Discover examples of the IAM configurations for various identity providers for use with JWT authentication

This page includes examples of the IAM configuration for various IdPs and symmetric keys.

Auth0

An access token generated by Auth0 doesn't contain the roles claim. To add an equivalent claim to the access token, you add this Action to a Login trigger in your Auth0 tenant:

exports.onExecutePostLogin = async (event, api) => {
if (event.authorization) {
api.accessToken.setCustomClaim("my-roles", event.authorization.roles);
}
}

Because roles is a restricted claim on the Auth0 platform, the resulting claim name is my-roles not roles. Therefore, you must set roles_claim to my-roles in Vault's IAM configuration.

Auth0 also provides a URL to a JWKS endpoint that contains the public key in JWT format. You can find this value in the Auth0 console. In the Dashboard, open Applications, Advanced Settings, then Endpoints. The endpoint has the format of https://<tenant-id>.<region>.auth0.com/.well-known/jwks.json.

To simplify identifying log message messages relating to Auth0 tokens for this tenant, consider setting the ISS value to the host value.

[idps]

[idps.app1]
type = "direct-jwt"

[idps.app1.conf]
iss = "https://abc.abc.auth0.com"
aud = "my-app" # Configured by your application.
roles_claim = "my-roles"
jwks_uri = "https://abc.abc.auth0.com/.well-known/jwks.json"

Google Cloud Platform

You can use token authentication and authorization when you deploy your backend application on a Google Cloud Platform (GCP) service such as Cloudrun. In this case, GCP generates an ID token.

To configure Vault IAM to support the ID token:

  • In the conf table, set.

    • jwks_uri to the GCP certificate hosting URL, i.e., "https://www.googleapis.com/oauth2/v3/certs"
    • iss to "https://accounts.google.com".
    • aud to the audience you use when generating the ID token. For example, "https://my-cloud-run-service.a.run.app/"
    • roles_claim to "email", as the token created by GCP places the role you want to claim in the email key of the JWT token it generates. See Google identity guide to validating ID tokens for more information.
  • In the conf table bound_claims sub-table set email_verified = true

    • In the roles_map table, map the email of the service account used to authenticate with Vault to the Vault role assigned to it.

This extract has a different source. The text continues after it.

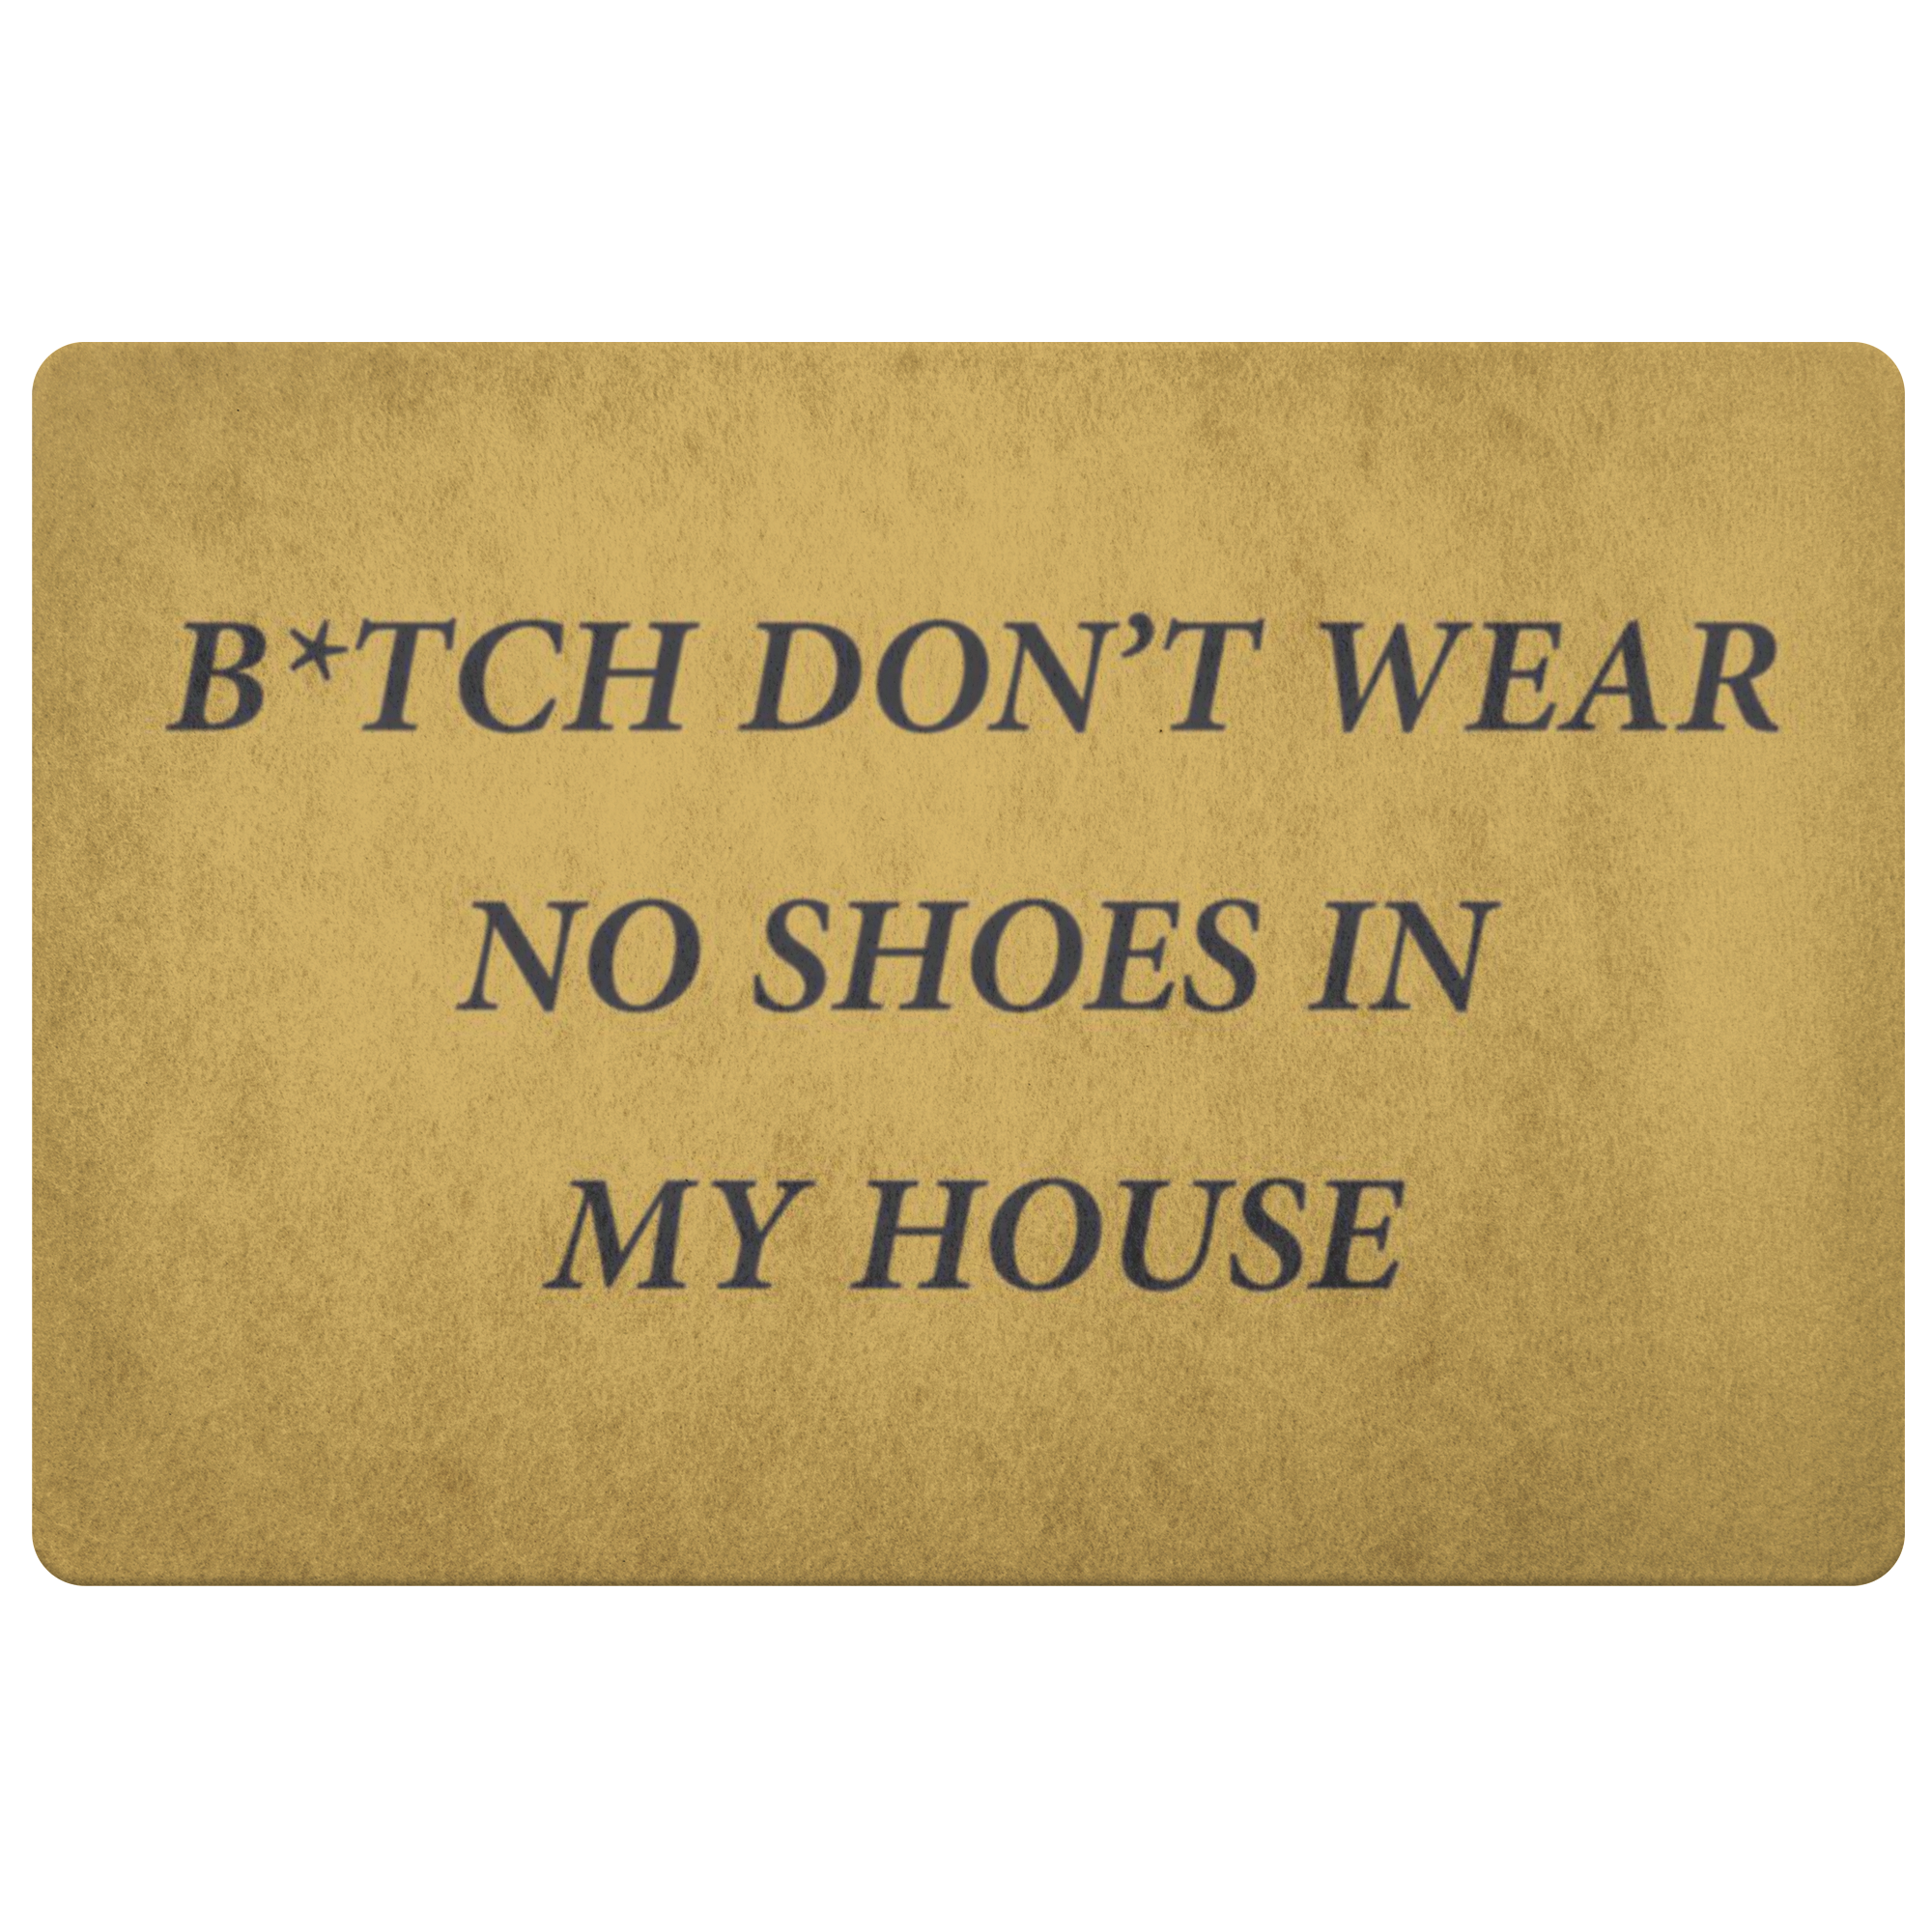 B*tch don't wear No shoes In My House Doormat

This mapping takes the format "<your-backend-service-account-email>" = "<role-in-vault>". For example, "my-product-prod-sa@myproject.iam.gserviceaccount.com" = "VaultAdmin".

The resulting configuration looks something like this:

[idps]

[idps.app1]
type = "direct-jwt"

[idps.app1.conf]
jwks_uri = "https://www.googleapis.com/oauth2/v3/certs"
iss = "https://accounts.google.com"
aud = "https://my-cloud-run-service.a.run.app/"
roles_claim = "email"

[idps.app1.conf.bound_claims]
email_verified = true

[idps.app1.roles_map]
"myemail@example.com" = "VaultAdmin"

You can generate an ID token using this Go code:

func GenerateIDToken(ctx context.Context) (string, error) {
// The audience should match the "aud" field in the IAM configuration.
ts, err := idtoken.NewTokenSource(ctx, "https://my-cloud-run-service.a.run.app/")
if err != nil {
return" ", fmt.Errorf("idtoken.NewTokenSource: %w", err)
}

token, err := ts.Token()
if err != nil {
return "", fmt.Errorf("ts.Token: %w", err)
}

return token.AccessToken, nil
}

See Get an ID token from the metadata server to learn more about ID token generation and find code samples for other languages.

Keys configuration for symmetric keys

So Vault can verify the signature of a JWT with a public key without being able to generate new tokens itself, use asymmetric keys for JWT authentication (e.g., RS256 or ES256 signing algorithms).

To use asymmetric keys, externalize the key configuration to a secret file, such as /etc/pvault/secrets/secrets_iam_app1_jwt_hs256_key/content or PVAULT_SECRETS_IAM_APP1_JWT_HS256_KEY IAM secrets environment variable for better security.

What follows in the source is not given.